You need to join the ACS data with the shapefile. The geo_join function (from the ACS package) merges the shapefile (variable: shapefile) with the fetched data (variable: mydatadf). In other words, we want the value of percent commute trips by transit for each census tract to be associated with the respective shape. The merged data is put into the variable mydatamerged.

We need to tell the function which columns are to be used to match on. In this case we named them the same thing to make it more intuitive.

# Merge the ACS data with the shapefile
mydatamerged <- geo_join(shapefile, mydatadf, "GEOID", "GEOID")

# There is some weirdness with some tracts showing up as 100%, so eliminate those by subsetting the results to excluse them.
mydatamerged <- subset(mydatamerged, mydatamerged@data$transitpercent<100)

Creating the map

Popup This defines how a popup window will appear when you click on a census tract on the map. We will have the popup display the GEOID and the percent commute by transit. The <br> adds an extra carriage return to put the label on the second line of the popup. The round function will round the percent to the tenths place.

mypopup <- paste0("GEOID: ", mydatamerged$GEOID, "<br>", "Commute by Public transit: ", round(mydatamerged$transitpercent,1), "%")

Palette This sets the variation/range of colors. This is similar to how in ArcGIS you would symbolize by an attribute. Here we specify the pallete YlGnBu (note that the second character is a lower-case L). To explore different palettes, you can go here: http://colorbrewer2.org. To find the one we are working with, in Multi-hue, bottom row, click on the fourth one from the left.

mypal <- colorNumeric(
  palette = "YlGnBu",
  domain = NULL
)

LAT/LNG Centerpoint, zoom, and tiles

you need to determine a centerpoint latitude and longitude. To do that, use googlemaps, single click at a specific spot on the map and the lat,long values will appear on the bottom. Cut and paste those values below. I have used a point in Kendall Square. A zoom value of 12 is a good place to start.

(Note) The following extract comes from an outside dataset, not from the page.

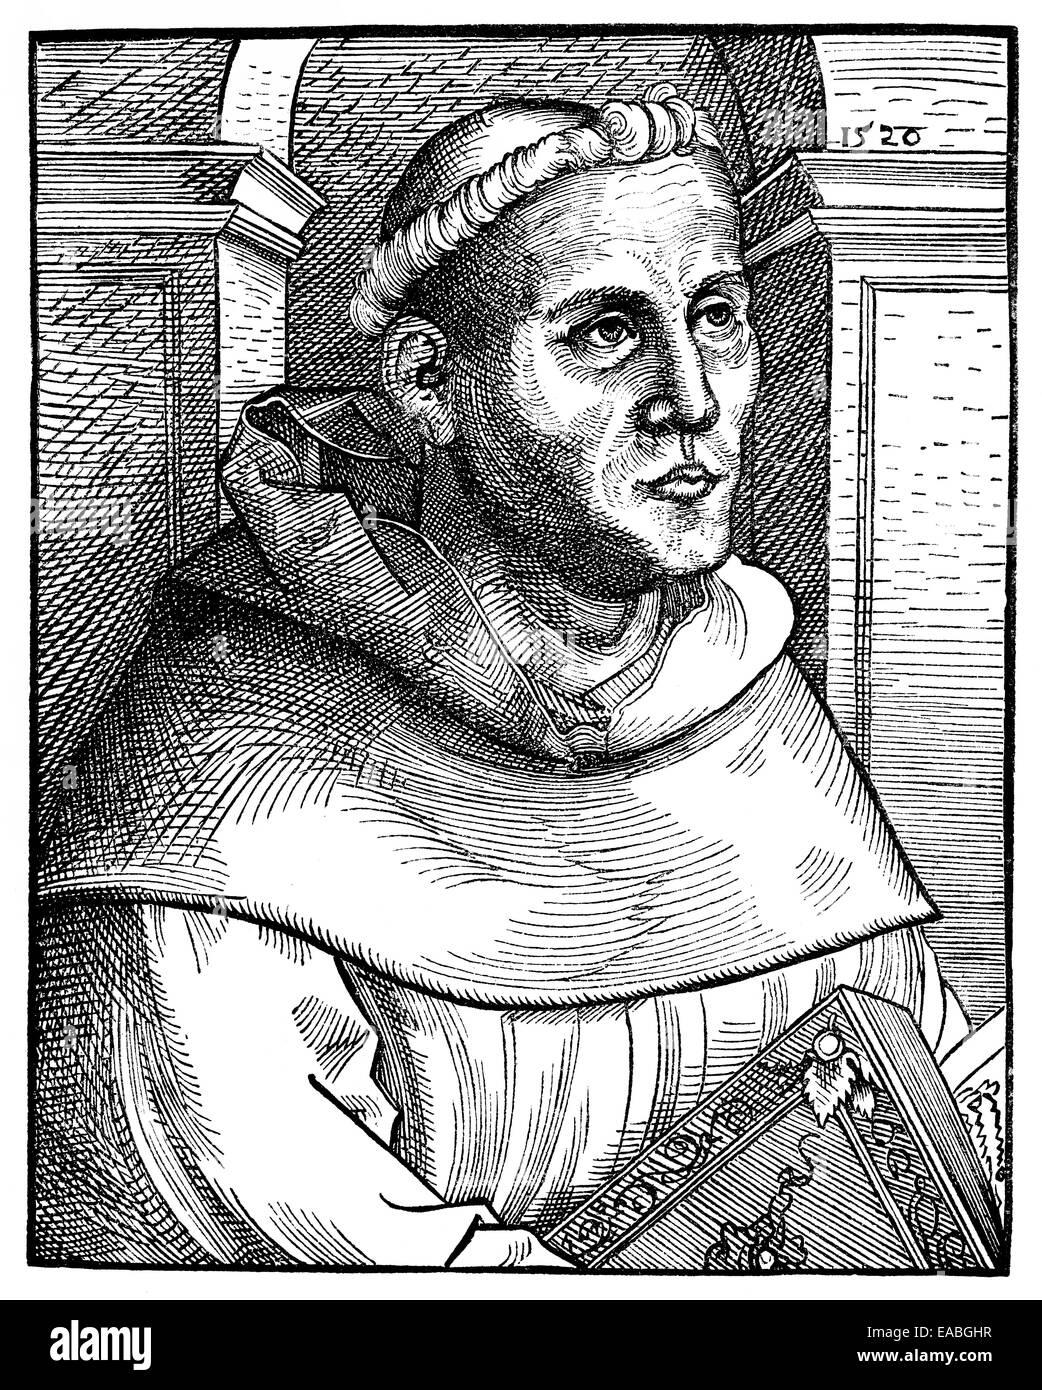 Martin Luther, 1483 - 1546, theologian and reformer, Portrait von Martin Luther, 1483 - 1546, ein deutscher Theologe - Stock Image

You can choose the map background from a variety of sources. You can explore the options here: http://leaflet-extras.github.io/leaflet-providers/preview/. Move the map so you are over Boston. The default one you see is “OpenStreetMap.Mapnik”. Then on the right, you can Scroll to explore options. I chose “CartoDB.Positron” because it does not overly highlight roadways, making it easier to overlay the census data.

# Store values into variables
myLAT <- 42.376476
myLNG <- -71.085388
myZOOM <- 13
myTILES <- "CartoDB.Positron"

Define the map using leaflet

Now we load and create the map and all its parts.

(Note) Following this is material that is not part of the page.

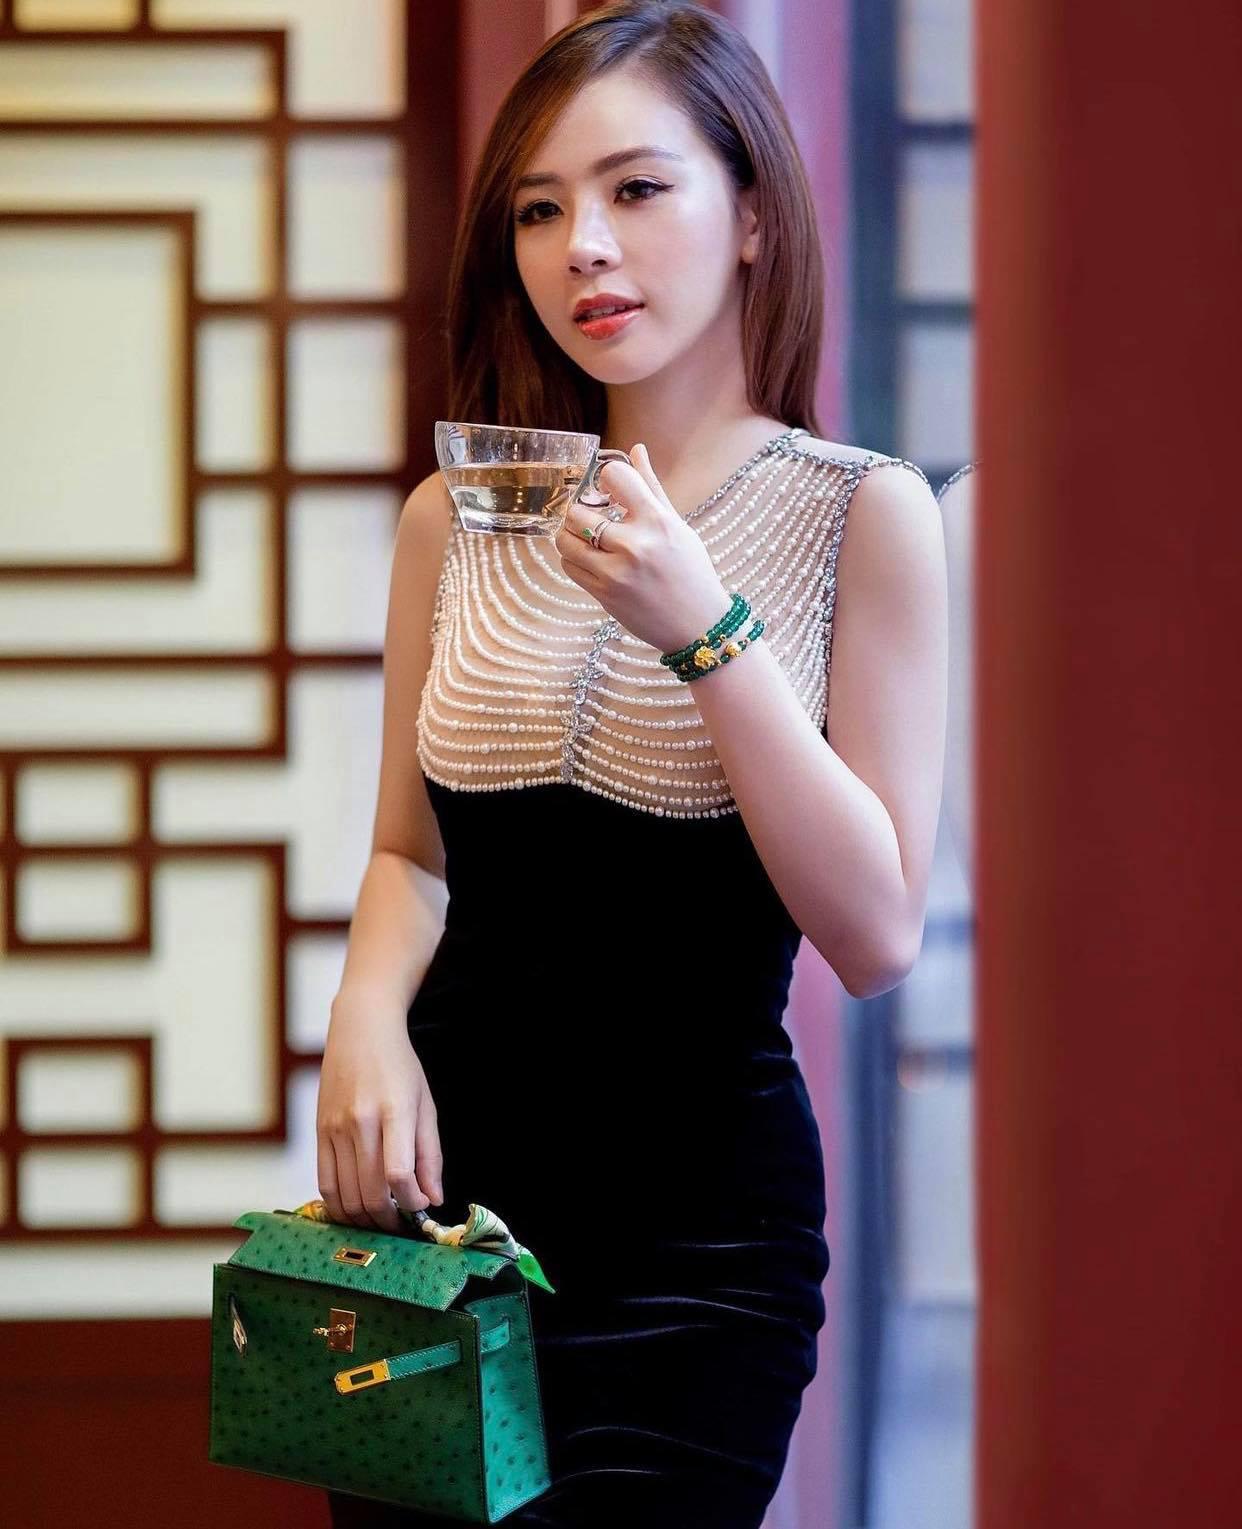 Thú chơi hàng hiệu xa xỉ cả trăm triệu của hot girl Phương Bora

We added a legend, note that we added a % suffix.

To change the color of the outlines of the shapes, you need to use a hex code for the color. You can choose colors here: https://www.w3schools.com/colors/colors_picker.asp

You can investigate the options for leaflet here: https://cran.r-project.org/web/packages/leaflet/leaflet.pdf. Search for “addPolygons” in that PDF.

Adding Transit Layers

# Import subway lines shape file
subway <- readOGR(dsn="transitlayers/mbtarapidtransit", layer="MBTA_ARC")
## OGR data source with driver: ESRI Shapefile 
## Source: "/Users/callum/Desktop/Transportation Planning/transitlayers/mbtarapidtransit", layer: "MBTA_ARC"
## with 138 features
## It has 4 fields
subway <- spTransform(subway, CRS("+proj=longlat +ellps=GRS80"))

Adding color to the map

# Map colors to the different subway lines
pal <- colorFactor(palette = c('blue','green','orange','red','grey'),
                   domain = c('BLUE','GREEN','ORANGE','RED','SILVER'))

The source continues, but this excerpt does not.